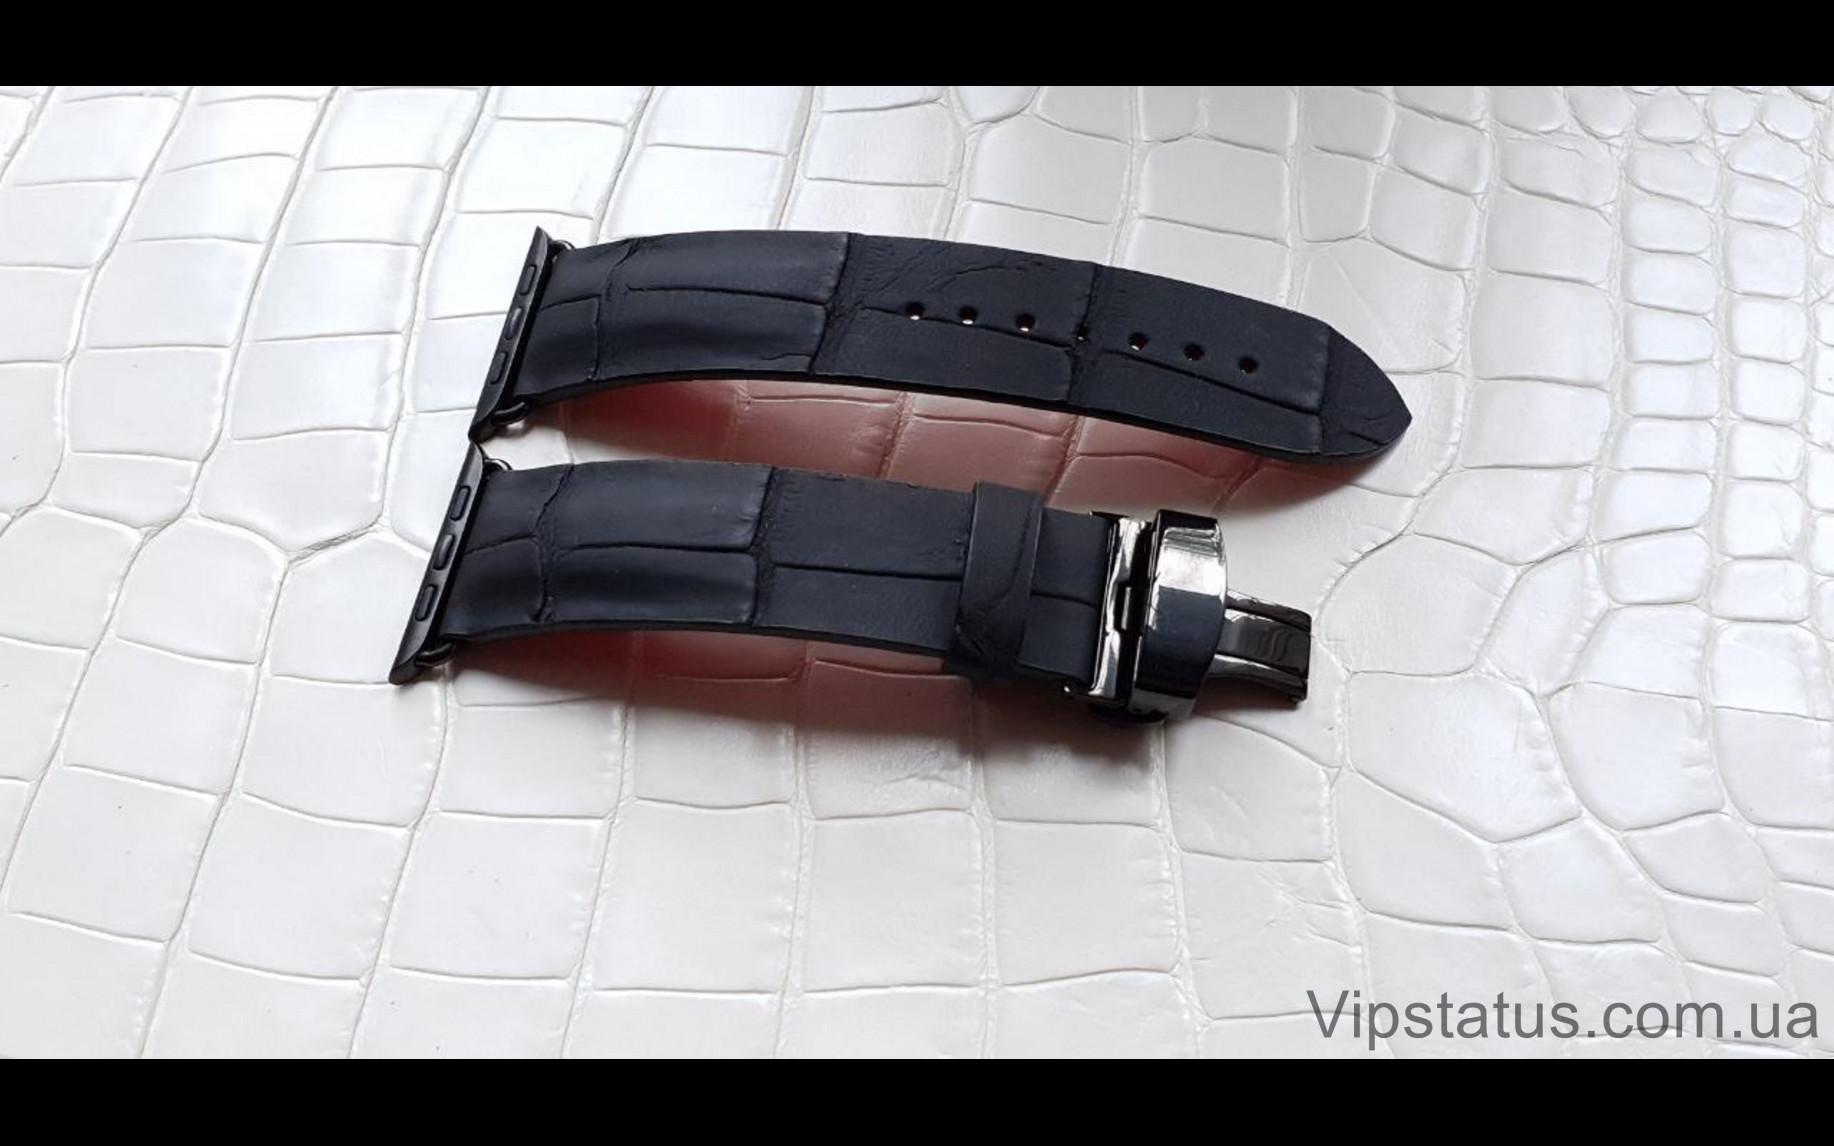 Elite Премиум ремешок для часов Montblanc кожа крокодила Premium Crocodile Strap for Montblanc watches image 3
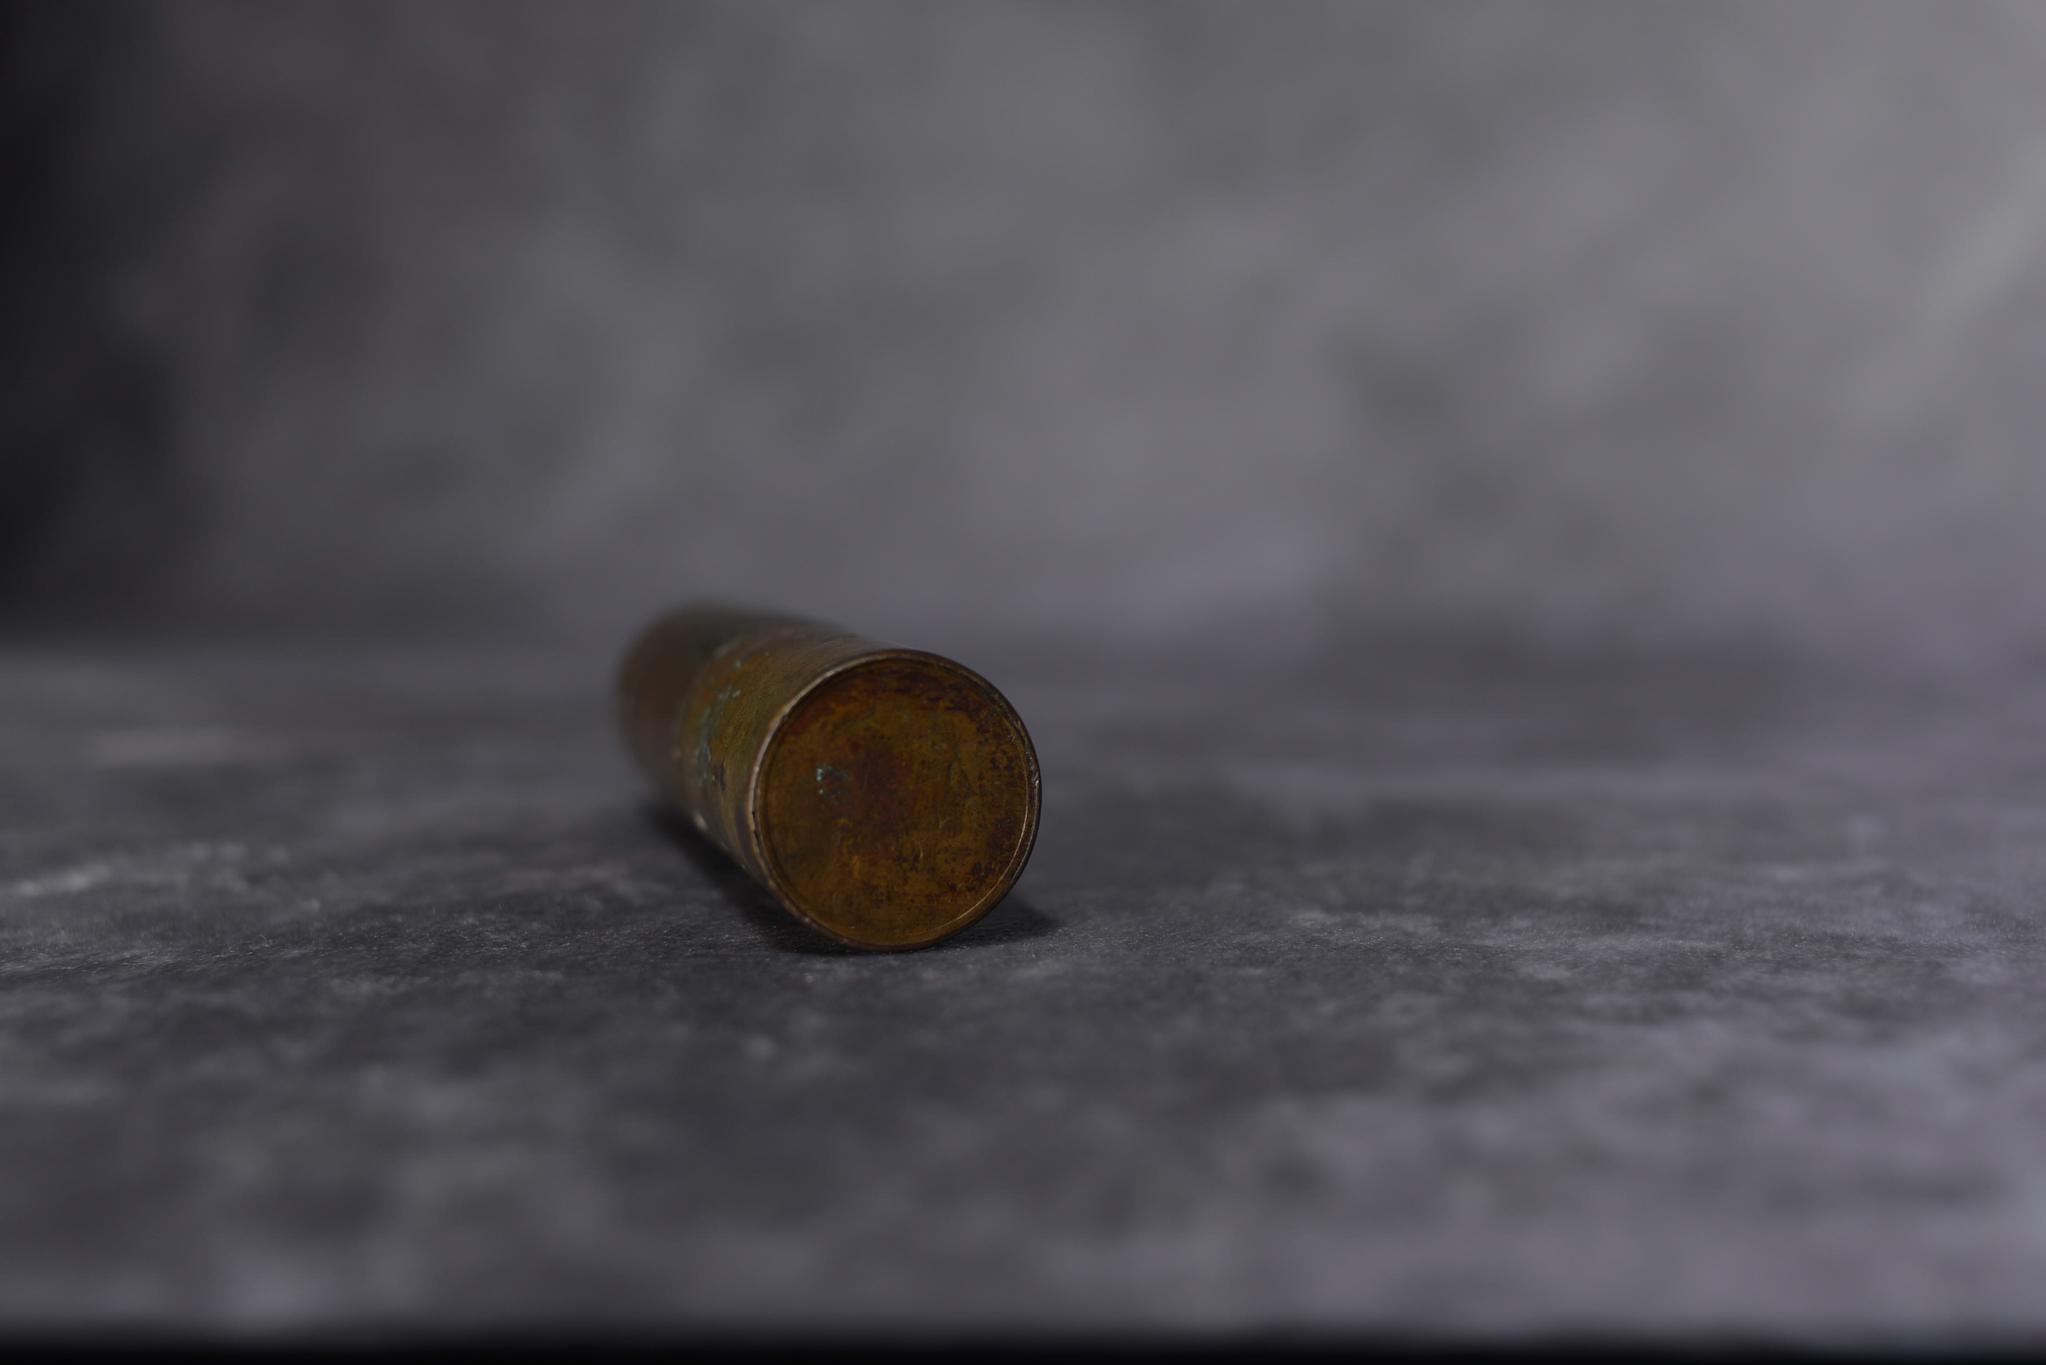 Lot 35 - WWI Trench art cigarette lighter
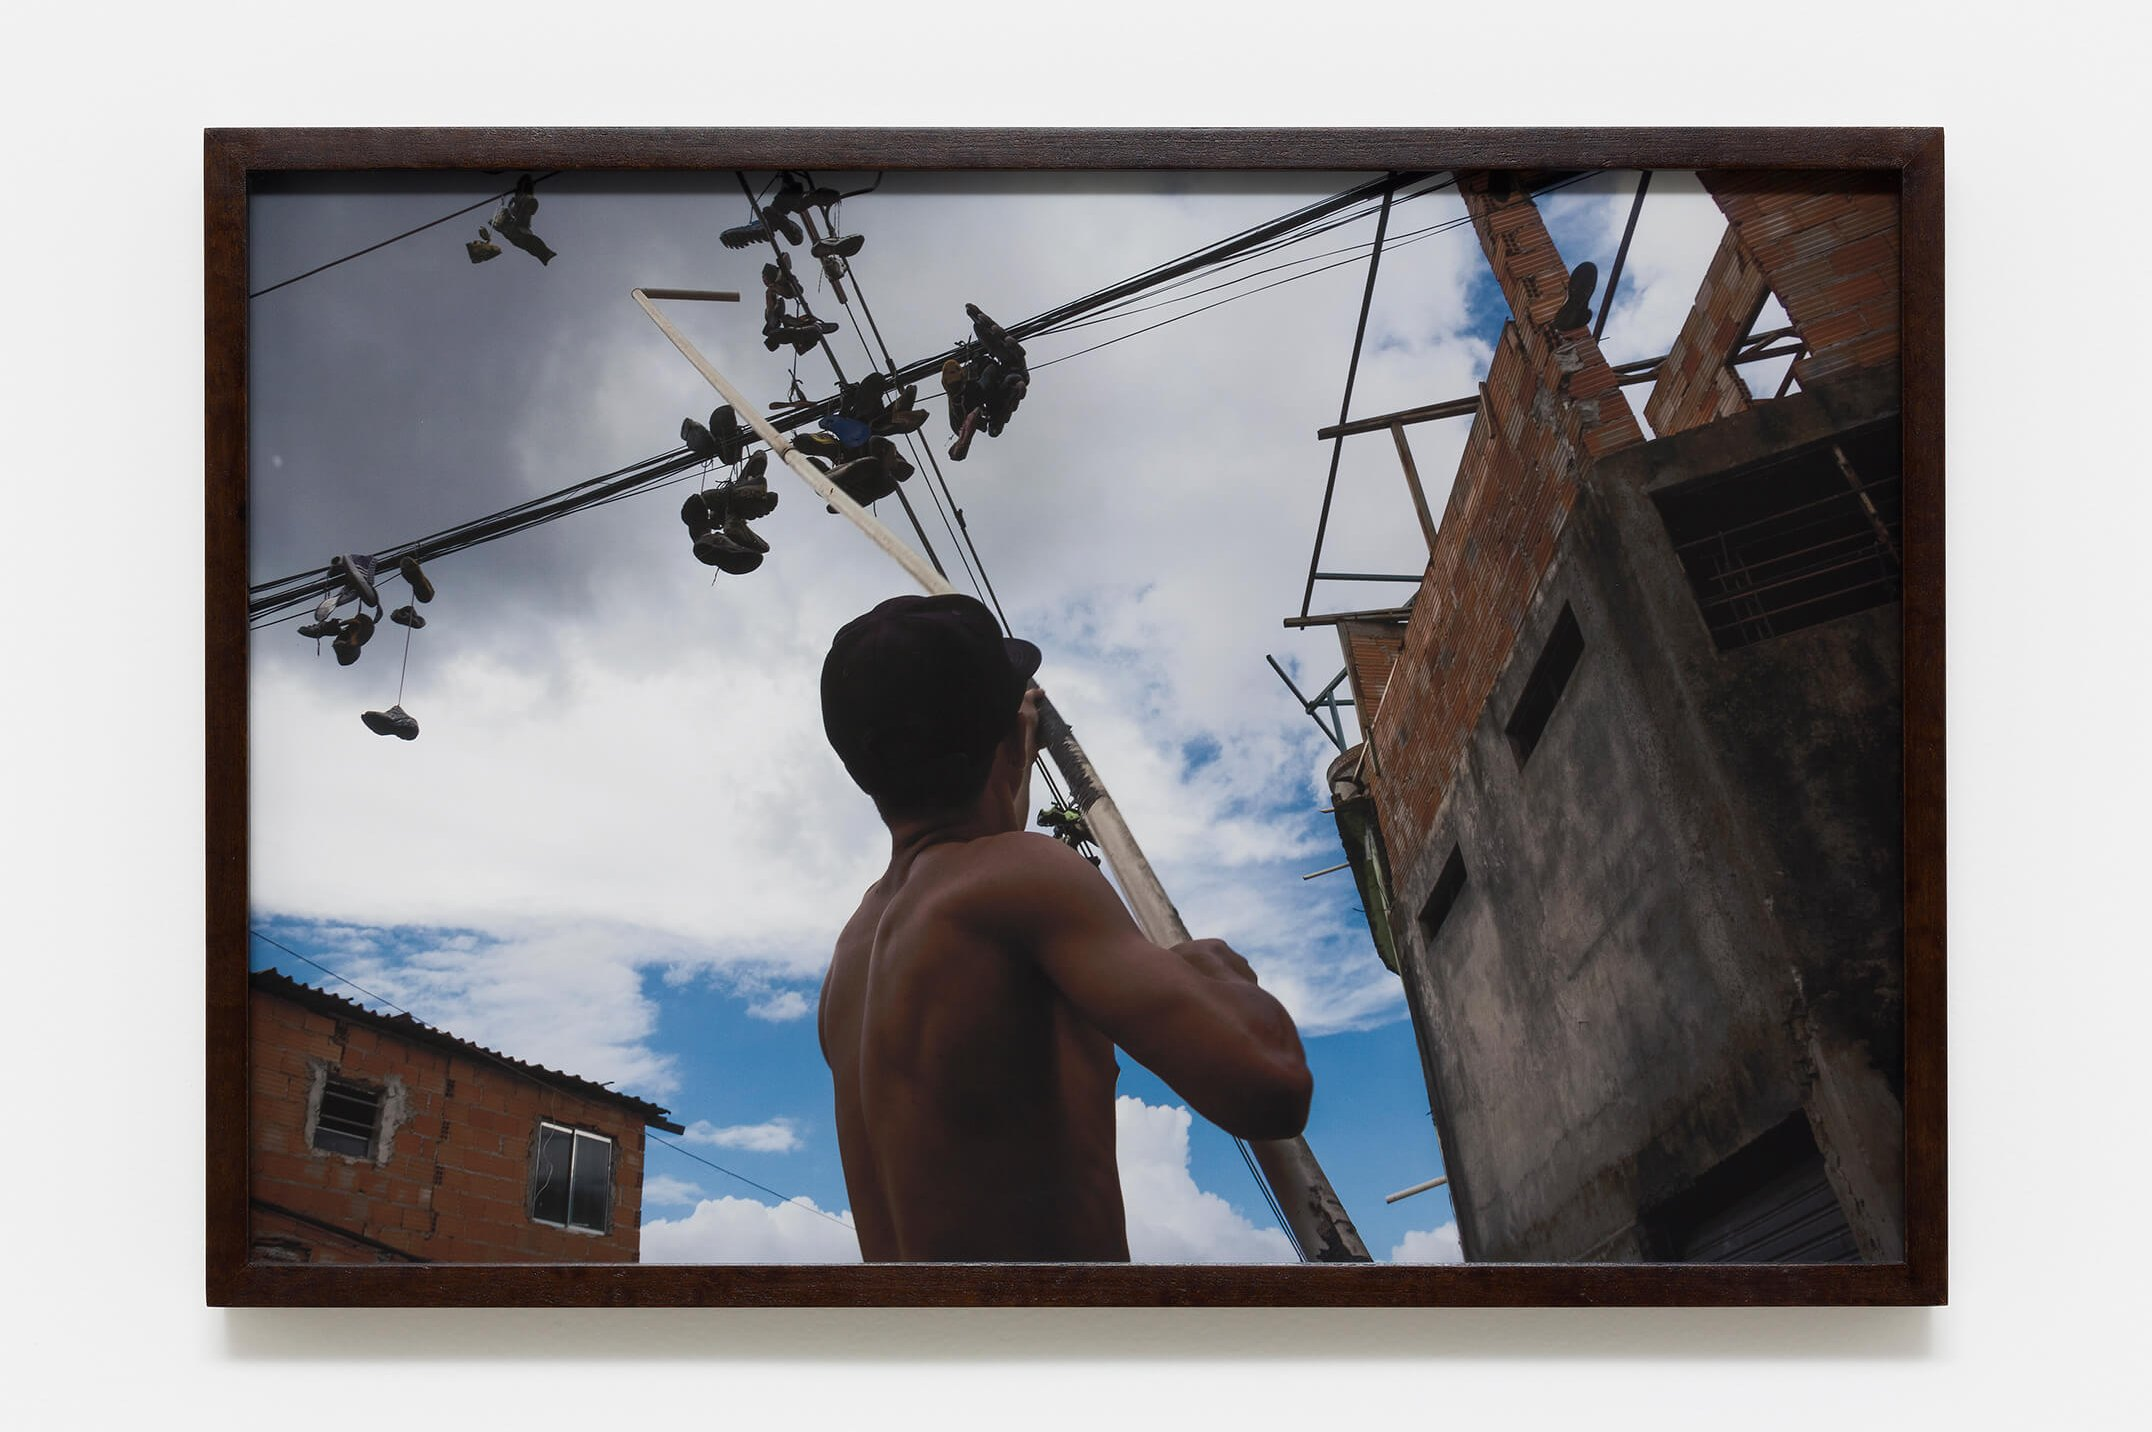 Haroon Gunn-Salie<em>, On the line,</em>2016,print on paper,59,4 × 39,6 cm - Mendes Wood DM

■ Activity
Set down all of the data word for word; no pictures belong in it.

■ Written solution
 Elite Премиум ремешок для часов Montblanc кожа крокодила Premium Crocodile Strap for Montblanc watches image 3
 Lot 35 - WWI Trench art cigarette lighter
 Haroon Gunn-Salie<em>, On the line,</em>2016,print on paper,59,4 × 39,6 cm - Mendes Wood DM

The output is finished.